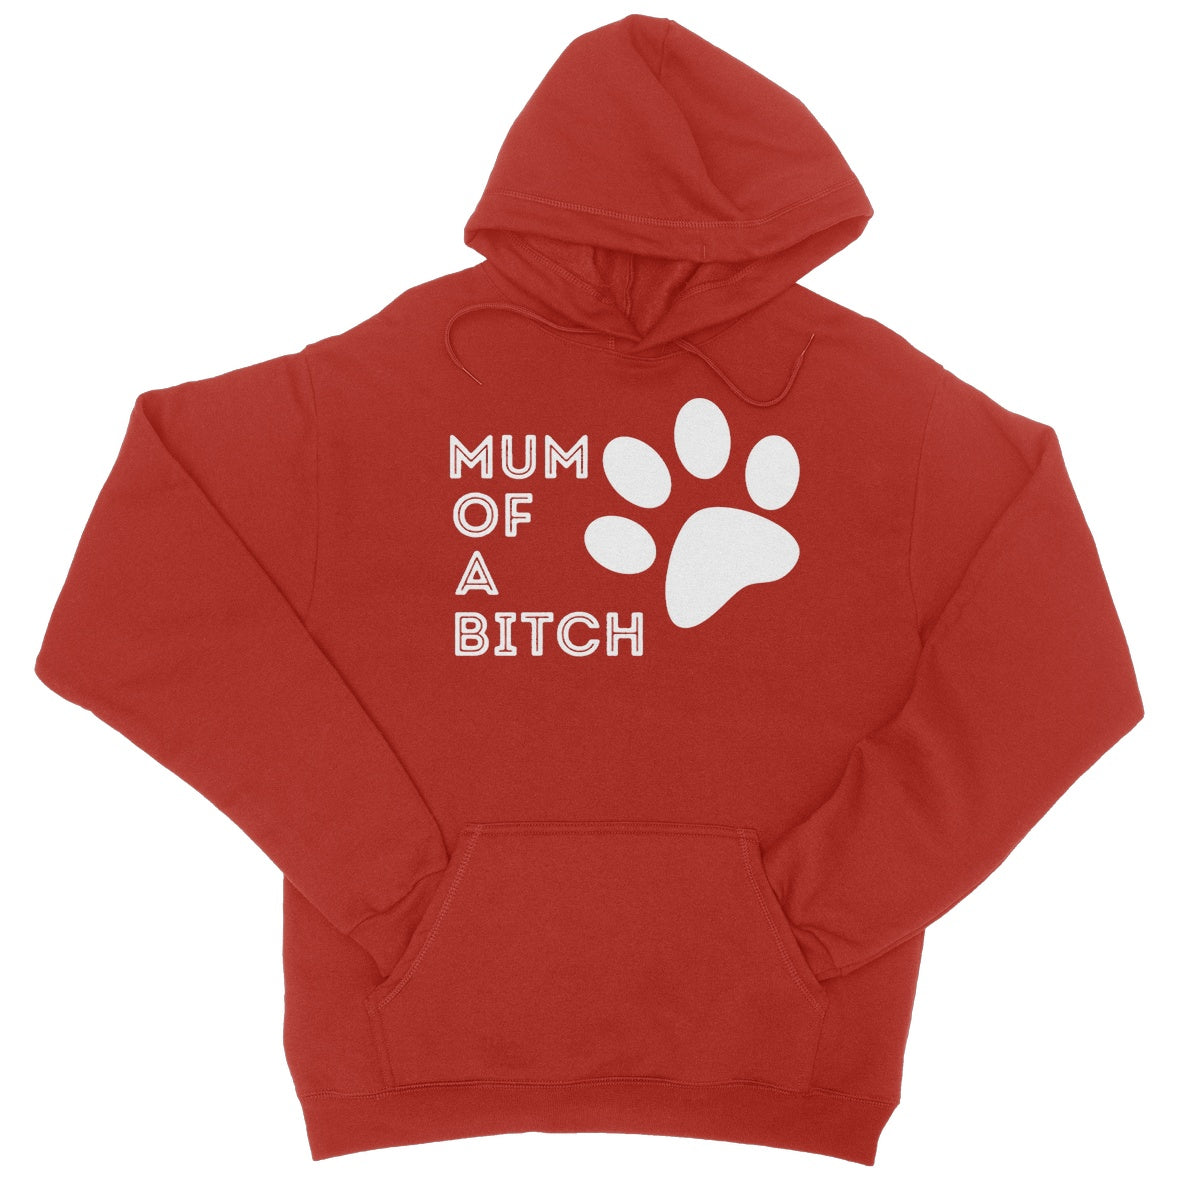 mum of a bitch hoodie red
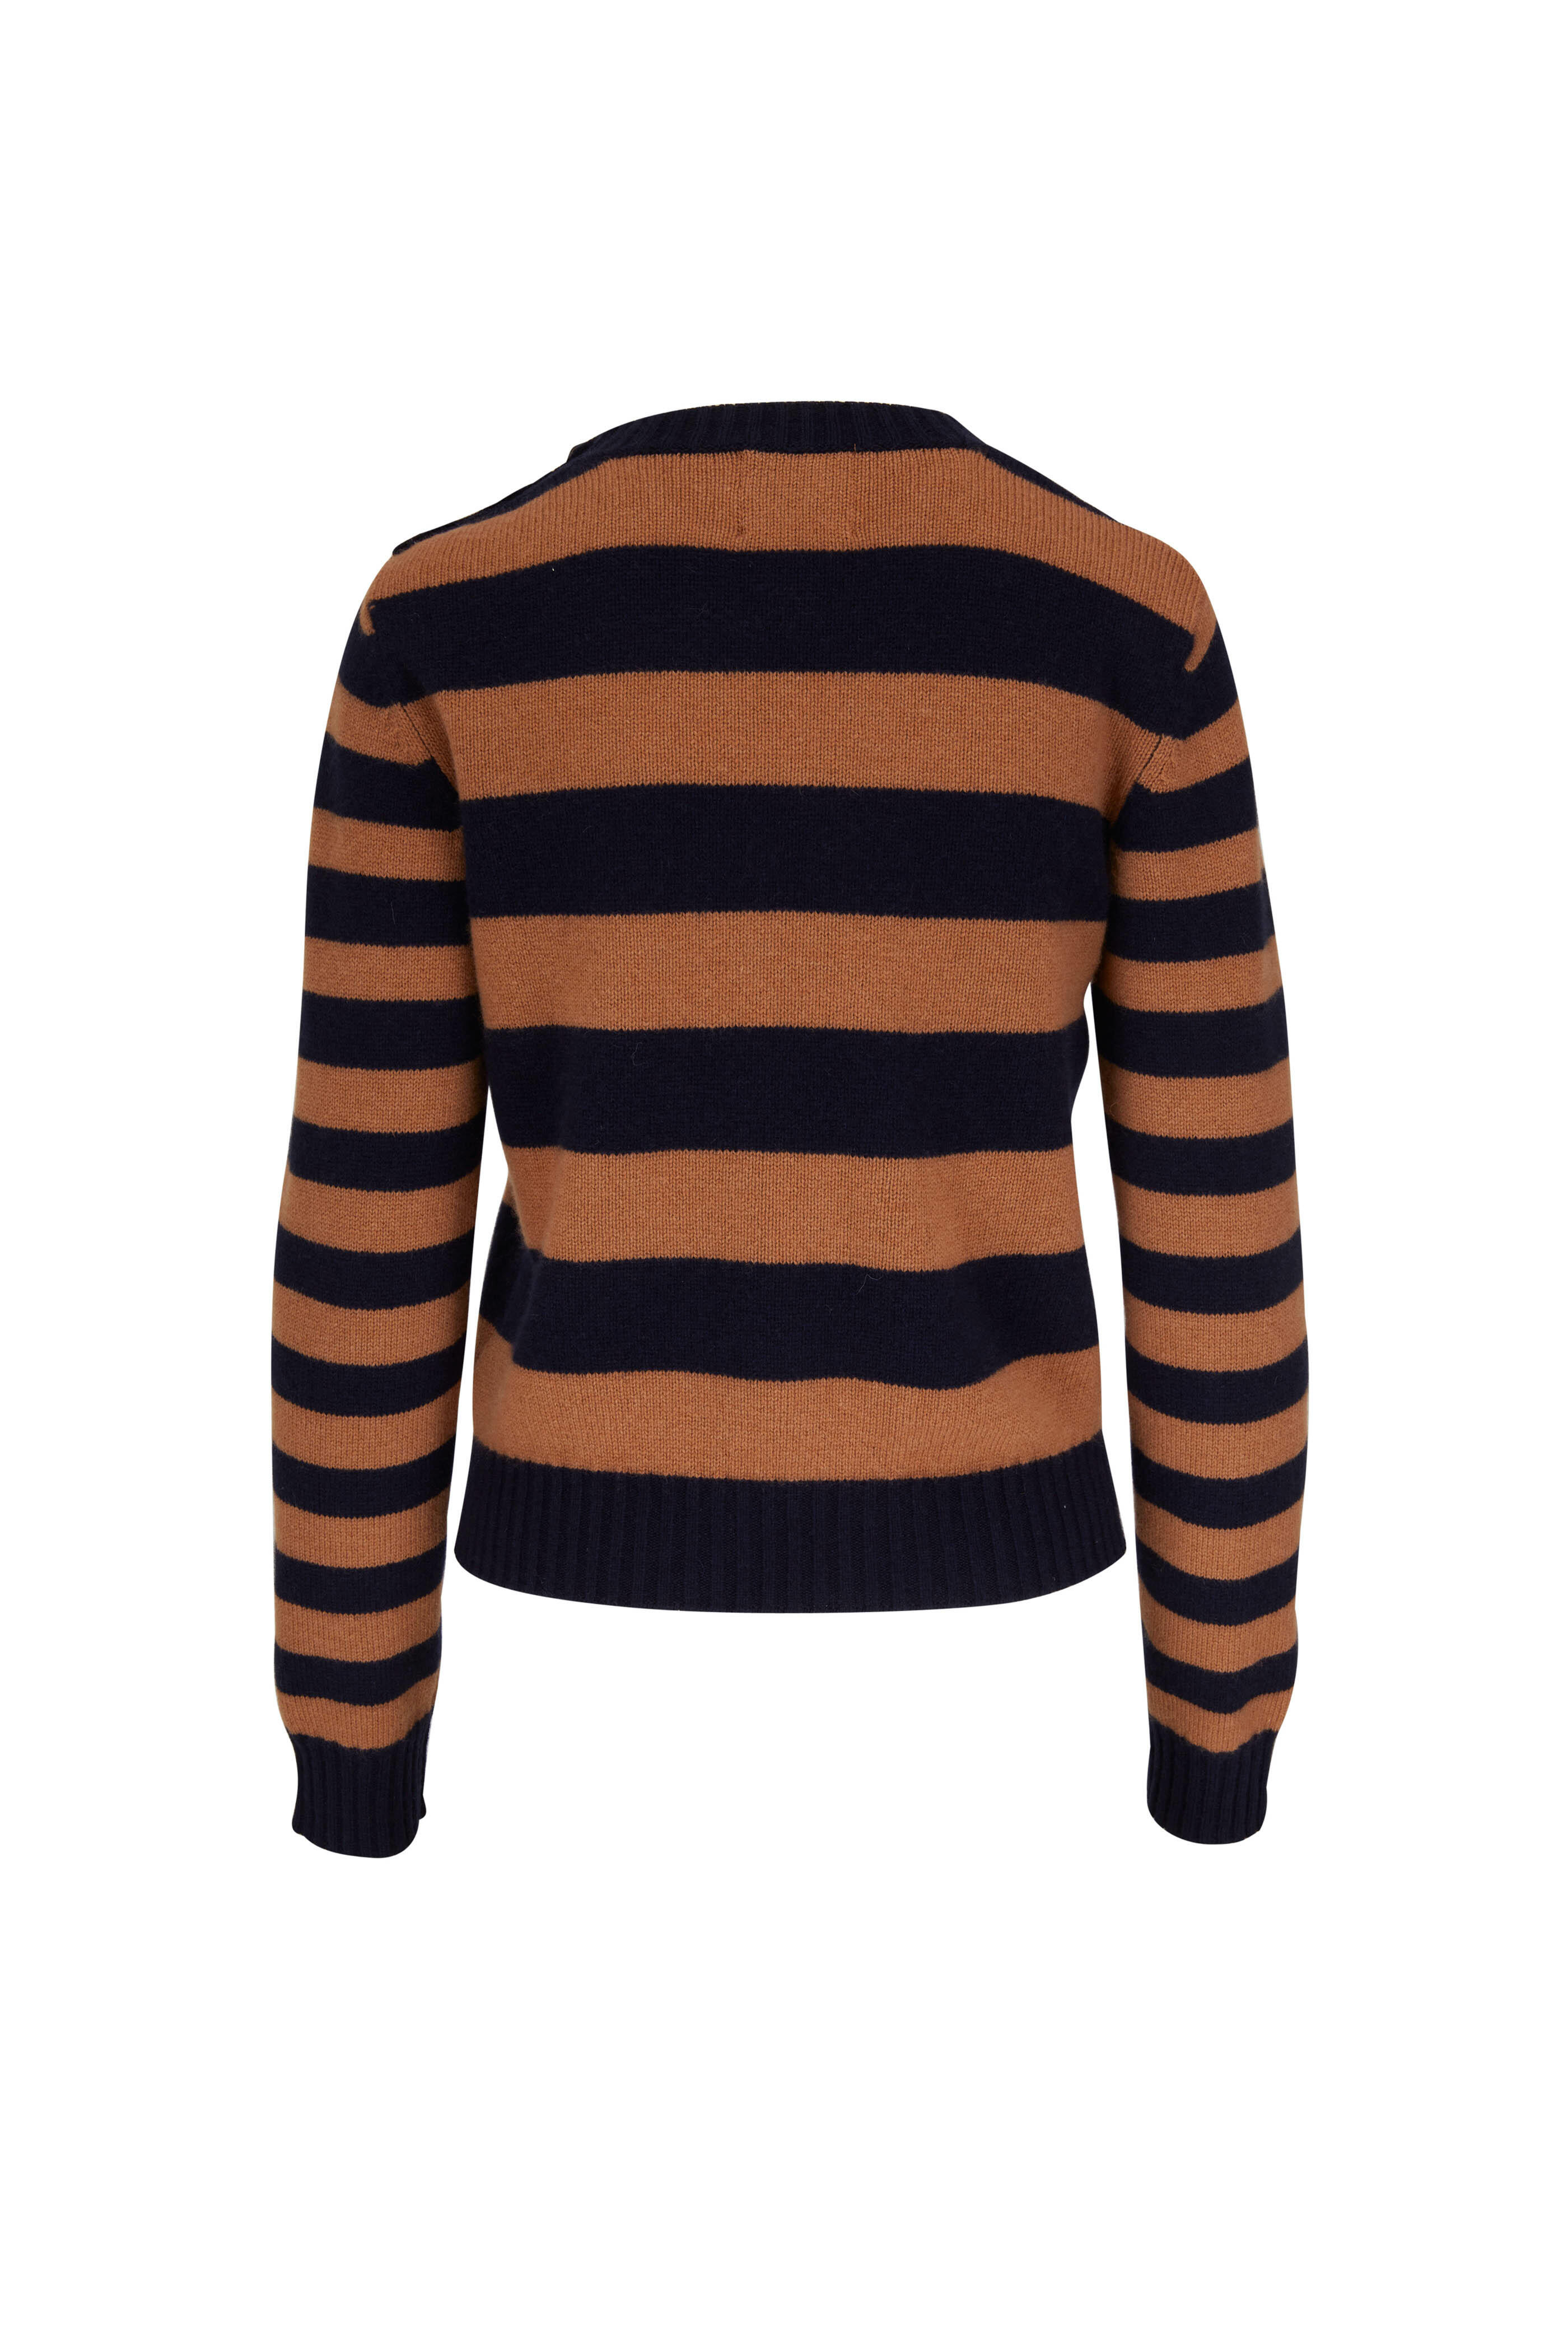 Jumper 1234 - Navy Sweater Cashmere & Camel Stripe
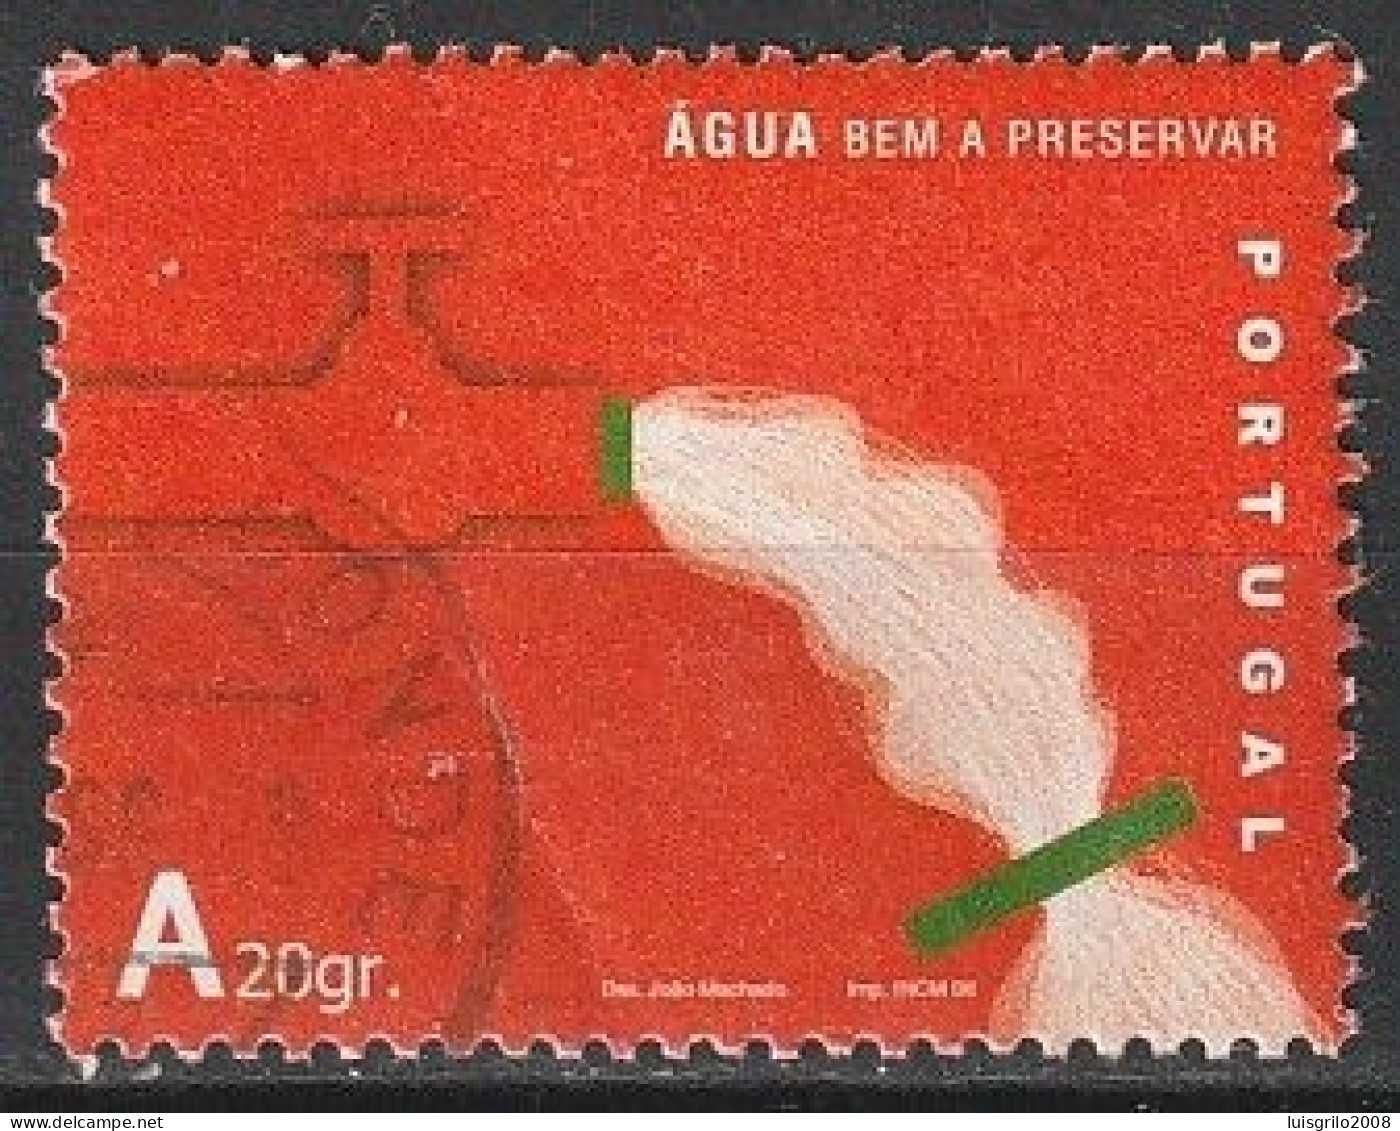 Portugal, 2006 - Água, A20gr -|- Mundifil - 3387 - Usado

- Required work
Please print the data above once more, exactly as it appears, with no pictures.

- Result below
 mum of a bitch hoodie red
 Jumper 1234 - Navy Sweater Cashmere & Camel Stripe
 Portugal, 2006 - Água, A20gr -|- Mundifil - 3387 - Usado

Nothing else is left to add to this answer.